Olivia Stapp on June 1, 2009
La traviata, which opens June 13 in San Francisco Opera’s summer-season run, is a daunting opera for the soprano performing the role of Violetta Valery. Before the singing even begins, the overture has already foretold of a mixture of transport, anguish, and doom that the protagonist must actualize. 
La traviata
Every soprano remarks about the difficulty of the first-act aria, “Ah, fors’é lui” (Perhaps he is the one); it comes careening down the stage much too soon, before the singer has had a chance to become fully warmed up. Its first section contains delicate, reflective musings about whether she has finally met a man who would be able to save her from her life as a courtesan — a man who could love her enough to forget her past. This interlude is followed by an explosion of cynicism and irony, cast in the most hazardous vocal writing that Giuseppe Verdi could muster: high C’s, high D’s, coloratura ... the works, speeding along to the finish, when, if she can still cope with it, an optional high E-flat awaits her. The singers who can manage with “ease” the vocalism necessary at this point are likely to lack the dramatic quality needed to convey with full force the emotional impact of what is yet to come.

Add one more key requirement: physique du role. An essential element of Violetta’s capacity to win and retain the devotion of many men of wealth and distinction, both in fiction and in reality, was her dazzling beauty. She was set apart from others also by what her creator called “her distinction of manner, her spirited conversation.” She was said to possess “elegance to the highest degree.” “She was thin and pale and had magnificent hair down to the ground.” “Her fine skin marked by blue veins indicated that she was consumptive. She was no common woman of ill repute.”

Violetta played the piano well, enjoyed the theater, and spoke excellent French. It was her combination of beauty and natural tact, along with refinement, that attracted, and retained, her many prominent friends.

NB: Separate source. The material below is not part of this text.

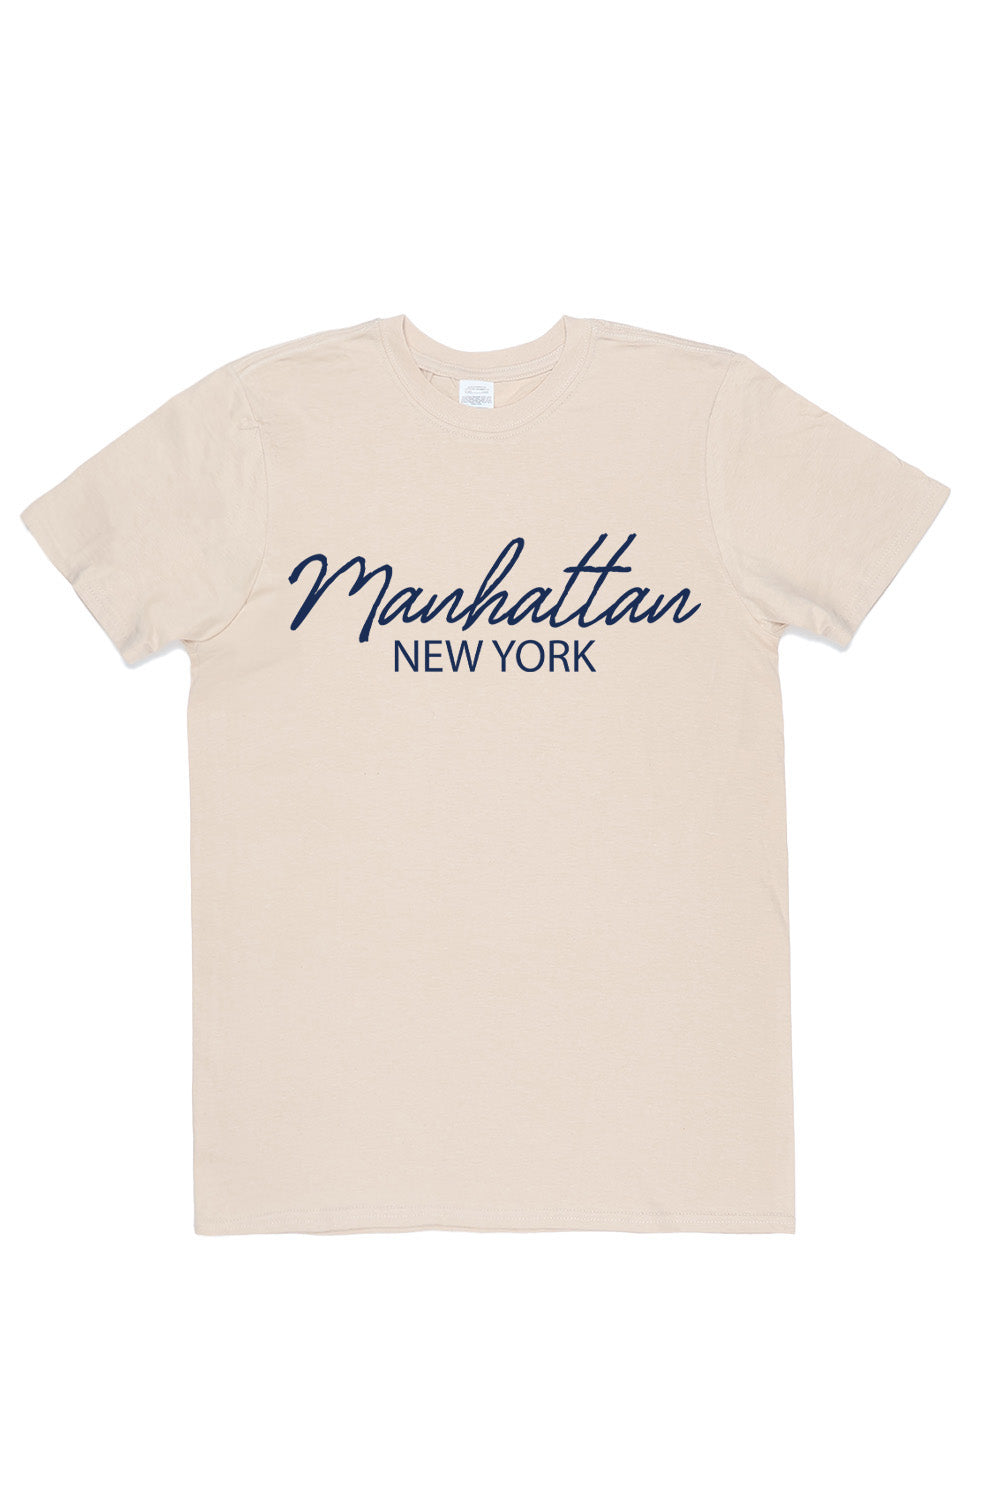 Manhattan T-Shirt in Sand (Custom Packs)

The soprano who essays this role must, ideally, master not only Verdi’s excruciatingly demanding vocal line and the tale’s powerful emotional thrust, but also the challenge of portraying, with convincing elegance, the image of the intriguing and beautiful demimondaine Violetta.

Then there is also, of course, the task of confronting the greatest soprano phrase in all of Italian opera: “Amami, Alfredo” (Love me, Alfredo). Here Violetta is facing the sacrifice of her great and consuming love for a noble cause. This is a phrase that requires such emotional grandeur from the protagonist that the audience must either scream “Bravo!” or be brought to tears. (I have witnessed both these effects, fortissimo.) Sarah Bernhardt was famed for her portrayal of this role, in the play La Dame aux camélias by Dumas (the son). When the renowned Italian actress Eleanora Duse put herself in direct competition by performing it in Paris, she was said by the critics to be “interesting and pathetic” but was characterized as being “too middle class, too remote” to play the demimondaine. Even the great Duse could not measure up to the task.

The woman Violetta Valery (her operatic name), alias Marguerite Gautier (the play name), alias Marie Duplessis (the courtesan name), née Alphonsine Duplessis (her birth name) actually lived and died in Paris and now lies buried in the Montmartre Cemetery. She was likely prostituted at a young age by her sodden father. She was driven to sell herself “because honest work would never have brought me the luxury I craved for irresistibly; I wanted to know the refinements and pleasure of artistic taste, the joy of living in elegant and cultivated society.”

Anna Netrebko

In the opera we have a thrice-removed fictionalized version of this fascinating woman. There was an actual, beautiful young courtesan in Paris who died in her early 20s of consumption. But in both the play and the opera she is given a “chance,” like Mary Magdalene, to redeem herself. She is driven to sacrifice her great love in order to save her lover’s family from the disgrace of association with her. More than with any other female in Verdi’s works, we can relate to this fallen woman who possesses, nonetheless, both elegance and grace, and moreover a noble heart,. But to make it happen for us, the prima donna must bring together immense virtuosity on many fronts.

The San Francisco Opera opening night (June 13) casting of La traviata looks most promising. If the stunning Anna Netrebko can come close to what she did with this role in Salzburg, it will be a thrilling event. I am unable to recall a better interpretation combined with such sovereign vocal control. A few equally thrilling snippets may be heard on old recordings — from the likes of Muzio, Olivero, and Zeani and of course Callas — and there is the Zeffirelli film, marvelous to look at, but not well recorded. Also available is the Covent Garden DVD with the excellent Angela Georghiu, but there’s nothing like the Traviata from Salzburg. Netrebko reaches into some dark desperation within, some unspoken self-violence, and thoroughly avoids the cliched and simplistic. This is one soprano who has it all.